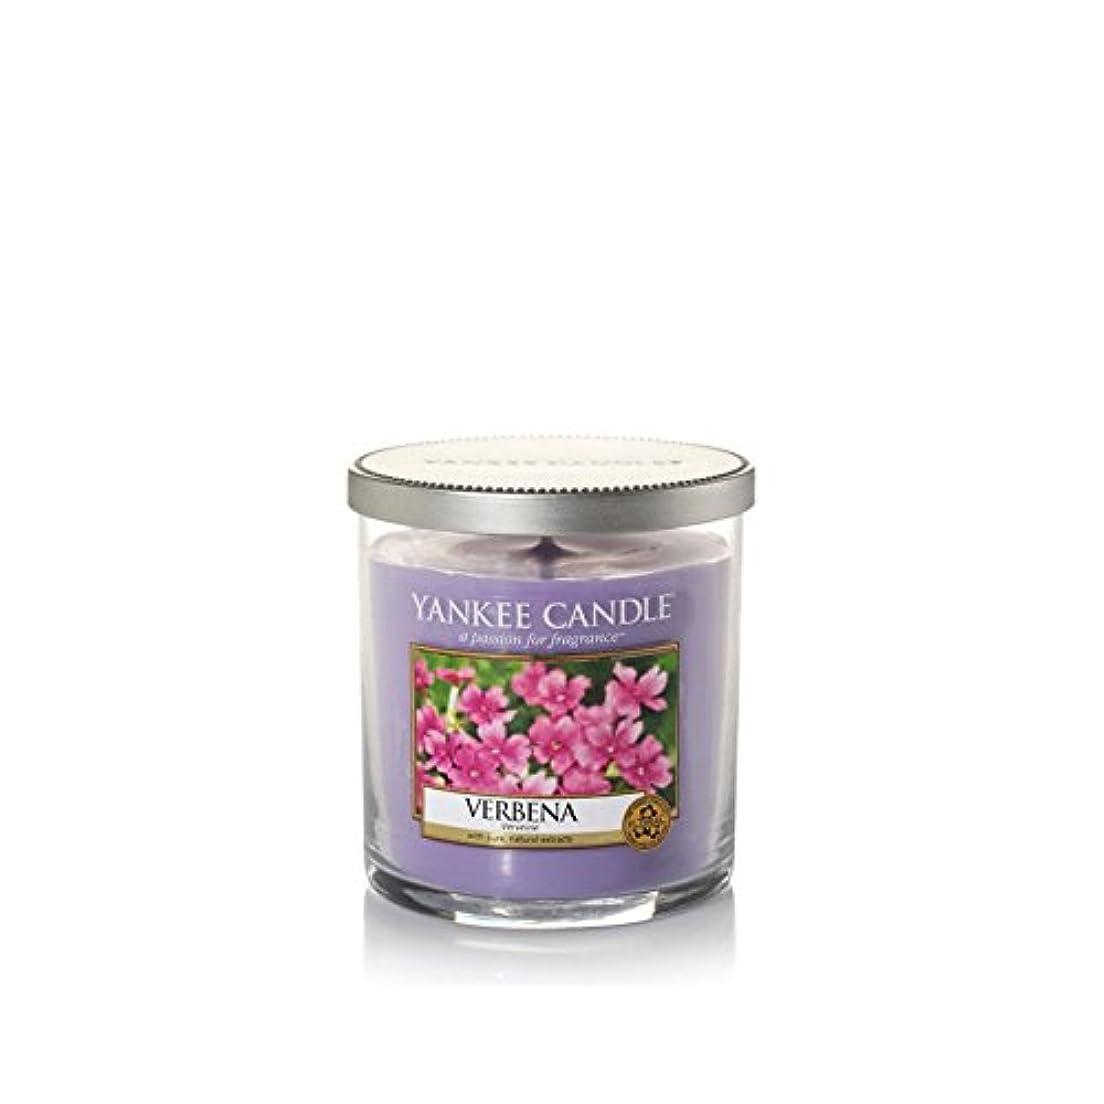 争い協定野心的Yankee Candles Small Pillar Candle - Verbena (Pack of 2) - ヤンキーキャンドルの小さな柱キャンドル - バーベナ (x2) [並行輸入品]
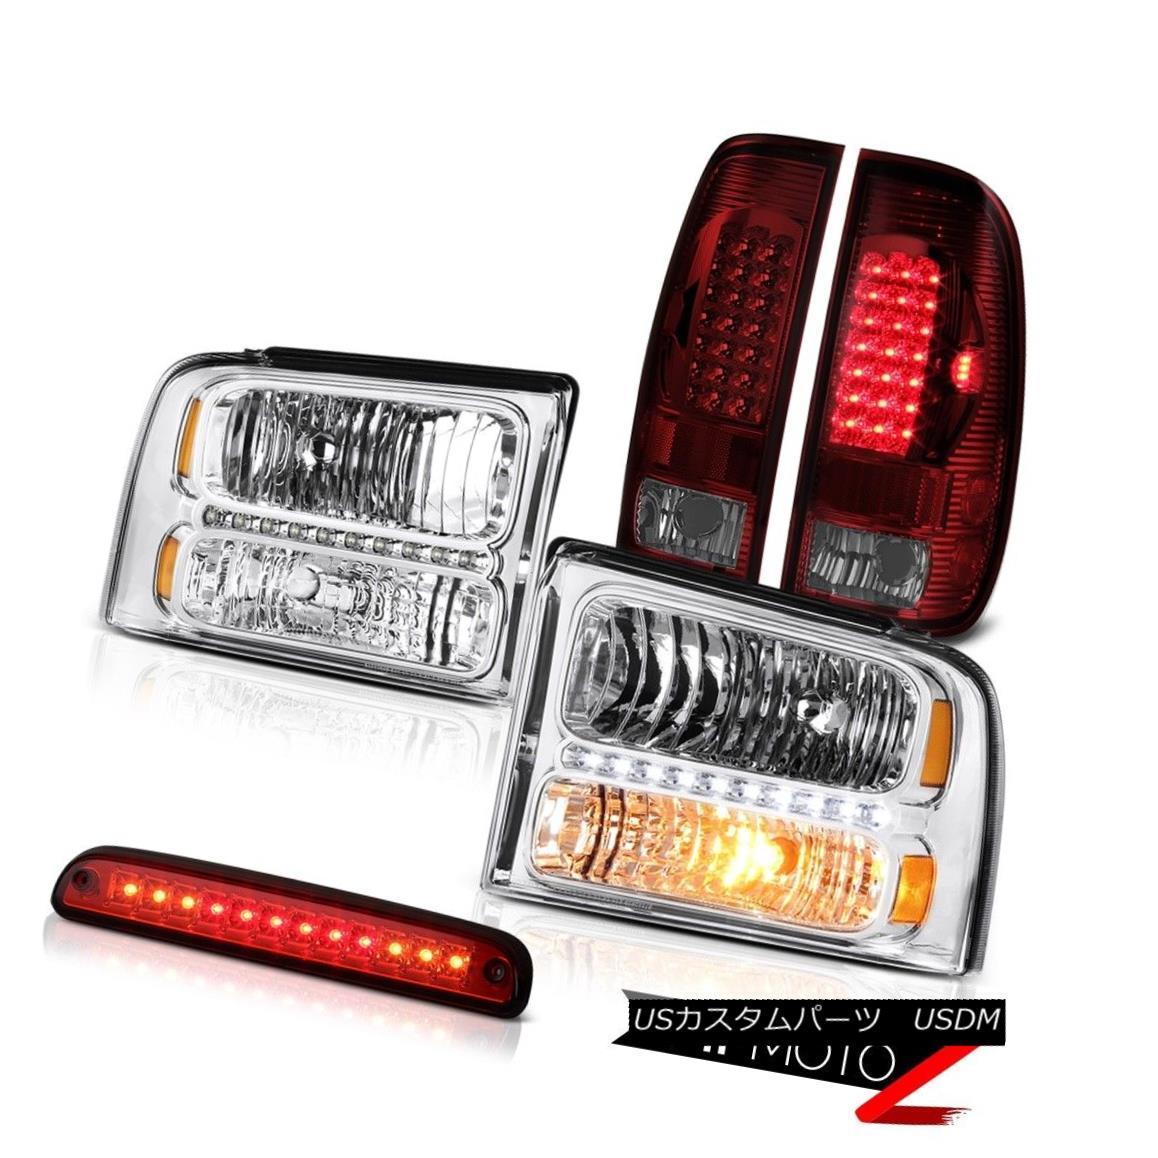 ヘッドライト 05-07 F250 F350 Left Right Front Headlights Dark Red LED Brake Tail Lights 3rd 05-07 F250 F350左右フロントヘッドライトダークレッドLEDブレーキテールライト3rd
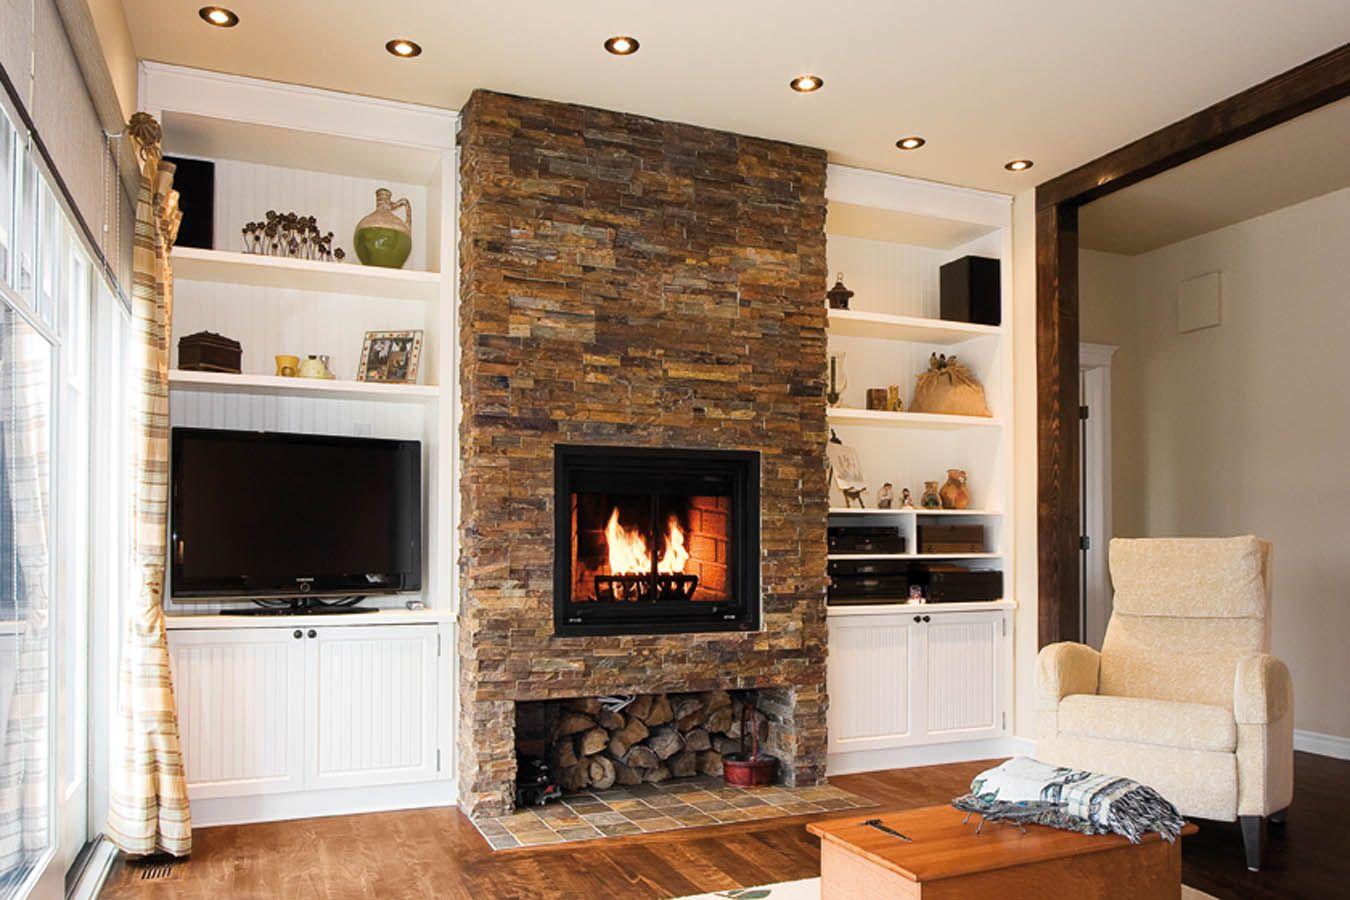 Au Foyer Decor Societe Com : Modele de foyer au bois recherche google home

### PROBLEM DETAILS
Repeat the full listing above exactly, with no pictures in the copy.

### ANSWER SECTION
 争い協定野心的Yankee Candles Small Pillar Candle - Verbena (Pack of 2) - ヤンキーキャンドルの小さな柱キャンドル - バーベナ (x2) [並行輸入品]
 ヘッドライト 05-07 F250 F350 Left Right Front Headlights Dark Red LED Brake Tail Lights 3rd 05-07 F250 F350左右フロントヘッドライトダークレッドLEDブレーキテールライト3rd
 Au Foyer Decor Societe Com : Modele de foyer au bois recherche google home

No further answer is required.